==== Data ====

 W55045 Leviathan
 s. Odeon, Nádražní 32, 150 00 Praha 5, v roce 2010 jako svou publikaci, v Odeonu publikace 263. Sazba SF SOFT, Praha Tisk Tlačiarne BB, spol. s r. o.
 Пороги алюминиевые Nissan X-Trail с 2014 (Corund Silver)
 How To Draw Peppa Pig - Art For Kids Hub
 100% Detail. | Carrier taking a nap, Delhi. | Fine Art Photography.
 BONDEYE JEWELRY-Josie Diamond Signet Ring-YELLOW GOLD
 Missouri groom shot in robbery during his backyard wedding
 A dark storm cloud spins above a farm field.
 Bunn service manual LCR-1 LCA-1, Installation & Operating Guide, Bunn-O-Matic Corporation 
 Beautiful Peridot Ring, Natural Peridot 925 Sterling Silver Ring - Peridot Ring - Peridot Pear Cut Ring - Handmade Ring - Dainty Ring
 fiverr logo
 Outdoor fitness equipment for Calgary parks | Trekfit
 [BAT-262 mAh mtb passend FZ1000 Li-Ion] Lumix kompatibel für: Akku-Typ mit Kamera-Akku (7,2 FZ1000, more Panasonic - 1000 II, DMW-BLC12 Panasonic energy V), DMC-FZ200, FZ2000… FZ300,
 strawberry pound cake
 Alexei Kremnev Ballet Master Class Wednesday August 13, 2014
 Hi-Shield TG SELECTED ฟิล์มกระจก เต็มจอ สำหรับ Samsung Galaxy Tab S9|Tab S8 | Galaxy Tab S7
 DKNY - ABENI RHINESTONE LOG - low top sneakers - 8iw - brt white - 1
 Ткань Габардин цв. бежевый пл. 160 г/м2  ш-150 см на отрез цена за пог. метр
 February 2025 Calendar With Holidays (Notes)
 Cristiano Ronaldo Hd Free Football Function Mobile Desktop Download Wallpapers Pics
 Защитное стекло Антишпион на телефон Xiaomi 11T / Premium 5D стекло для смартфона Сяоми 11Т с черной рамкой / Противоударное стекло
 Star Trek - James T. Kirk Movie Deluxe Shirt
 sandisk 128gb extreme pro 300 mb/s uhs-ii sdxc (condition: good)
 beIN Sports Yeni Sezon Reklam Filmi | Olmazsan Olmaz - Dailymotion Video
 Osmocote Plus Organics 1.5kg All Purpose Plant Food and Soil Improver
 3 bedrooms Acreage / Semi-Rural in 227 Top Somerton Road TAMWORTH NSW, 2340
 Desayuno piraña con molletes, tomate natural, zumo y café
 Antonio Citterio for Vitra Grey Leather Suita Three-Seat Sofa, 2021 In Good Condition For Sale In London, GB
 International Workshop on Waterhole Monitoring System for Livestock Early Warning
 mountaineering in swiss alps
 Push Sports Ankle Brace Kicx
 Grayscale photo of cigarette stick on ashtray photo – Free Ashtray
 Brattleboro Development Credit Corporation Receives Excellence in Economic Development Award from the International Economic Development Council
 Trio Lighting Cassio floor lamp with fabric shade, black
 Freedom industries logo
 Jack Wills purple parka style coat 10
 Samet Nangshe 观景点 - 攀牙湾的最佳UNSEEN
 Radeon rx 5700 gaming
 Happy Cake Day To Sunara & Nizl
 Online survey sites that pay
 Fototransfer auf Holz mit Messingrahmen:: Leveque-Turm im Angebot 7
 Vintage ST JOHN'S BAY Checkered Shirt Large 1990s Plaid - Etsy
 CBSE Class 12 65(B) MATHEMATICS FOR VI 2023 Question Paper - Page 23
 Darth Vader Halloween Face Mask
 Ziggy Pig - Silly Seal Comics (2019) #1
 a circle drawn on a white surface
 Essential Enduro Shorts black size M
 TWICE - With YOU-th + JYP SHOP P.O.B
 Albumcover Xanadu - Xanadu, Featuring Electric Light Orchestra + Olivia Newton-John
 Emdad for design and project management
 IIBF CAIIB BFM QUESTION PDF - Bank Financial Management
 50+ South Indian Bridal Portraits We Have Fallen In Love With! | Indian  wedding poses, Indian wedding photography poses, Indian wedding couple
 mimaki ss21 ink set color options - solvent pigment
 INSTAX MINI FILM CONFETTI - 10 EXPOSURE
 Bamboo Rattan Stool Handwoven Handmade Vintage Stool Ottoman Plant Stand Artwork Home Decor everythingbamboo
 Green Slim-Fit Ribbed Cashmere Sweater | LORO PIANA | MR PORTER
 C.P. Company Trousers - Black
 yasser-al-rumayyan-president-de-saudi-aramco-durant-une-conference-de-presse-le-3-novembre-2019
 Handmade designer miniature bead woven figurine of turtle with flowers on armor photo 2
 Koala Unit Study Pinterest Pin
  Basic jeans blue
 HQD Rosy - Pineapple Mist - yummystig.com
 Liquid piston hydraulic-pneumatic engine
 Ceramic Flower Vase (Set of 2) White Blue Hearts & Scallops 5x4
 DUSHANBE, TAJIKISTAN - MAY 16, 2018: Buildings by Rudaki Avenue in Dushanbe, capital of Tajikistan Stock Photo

====

Problem requirements: Start printing at the line with "Albumcover Xanadu - Xanadu, Featuring" and stop after the final line of the listing above, keeping every line exact.

Exercise output:
 Albumcover Xanadu - Xanadu, Featuring Electric Light Orchestra + Olivia Newton-John
 Emdad for design and project management
 IIBF CAIIB BFM QUESTION PDF - Bank Financial Management
 50+ South Indian Bridal Portraits We Have Fallen In Love With! | Indian  wedding poses, Indian wedding photography poses, Indian wedding couple
 mimaki ss21 ink set color options - solvent pigment
 INSTAX MINI FILM CONFETTI - 10 EXPOSURE
 Bamboo Rattan Stool Handwoven Handmade Vintage Stool Ottoman Plant Stand Artwork Home Decor everythingbamboo
 Green Slim-Fit Ribbed Cashmere Sweater | LORO PIANA | MR PORTER
 C.P. Company Trousers - Black
 yasser-al-rumayyan-president-de-saudi-aramco-durant-une-conference-de-presse-le-3-novembre-2019
 Handmade designer miniature bead woven figurine of turtle with flowers on armor photo 2
 Koala Unit Study Pinterest Pin
  Basic jeans blue
 HQD Rosy - Pineapple Mist - yummystig.com
 Liquid piston hydraulic-pneumatic engine
 Ceramic Flower Vase (Set of 2) White Blue Hearts & Scallops 5x4
 DUSHANBE, TAJIKISTAN - MAY 16, 2018: Buildings by Rudaki Avenue in Dushanbe, capital of Tajikistan Stock Photo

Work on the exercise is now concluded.